Dementia Classification Using Acoustic Speech and Feature Selection
Niemelä, Marko, von Bonsdorff, Mikaela, Äyrämö, Sami, Kärkkäinen, Tommi
Dementia is a general term for a group of syndromes that affect cognitive functions such as memory, thinking, reasoning, and the ability to perform daily tasks. The number of dementia patients is increasing as the population ages, and it is estimated that over 10 million people develop dementia each year. Dementia progresses gradually, and the sooner a patient receives help and support, the better their chances of maintaining their functional abilities. For this reason, early diagnosis of dementia is important. In recent years, machine learning models based on naturally spoken language have been developed for the early diagnosis of dementia.
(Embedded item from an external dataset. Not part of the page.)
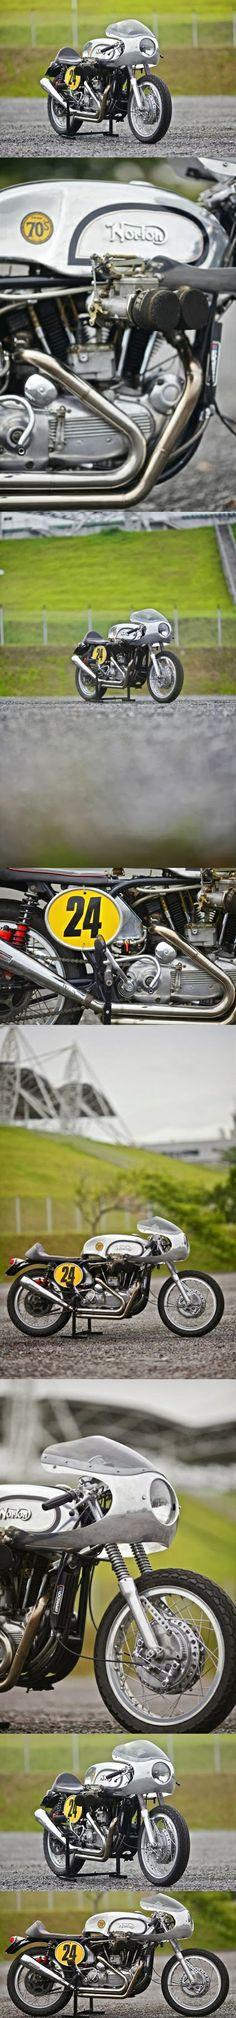 ...Sporton Norley CAFE RACER

These methods have proven to be user-friendly, cost-effective, scalable, and capable of providing extremely fast diagnoses. This study utilizes the well-known ADReSS challenge dataset for classifying healthy controls and Alzheimer's patients. The dataset contains speech recordings from a picture description task featuring a kitchen scene, collected from both healthy controls and dementia patients. Unlike most studies, this research does not segment the audio recordings into active speech segments; instead, acoustic features are extracted from entire recordings. The study employs Ridge linear regression, Extreme Minimal Learning Machine, and Linear Support Vector Machine machine learning models to compute feature importance scores based on model outputs. The Ridge model performed best in Leave-One-Subject-Out cross-validation, achieving a classification accuracy of 87.8%. The EMLM model, proved to be effective in both cross-validation and the classification of a separate test dataset, with accuracies of 85.3% and 79.2%, respectively. The study's results rank among the top compared to other studies using the same dataset and acoustic feature extraction for dementia diagnosis.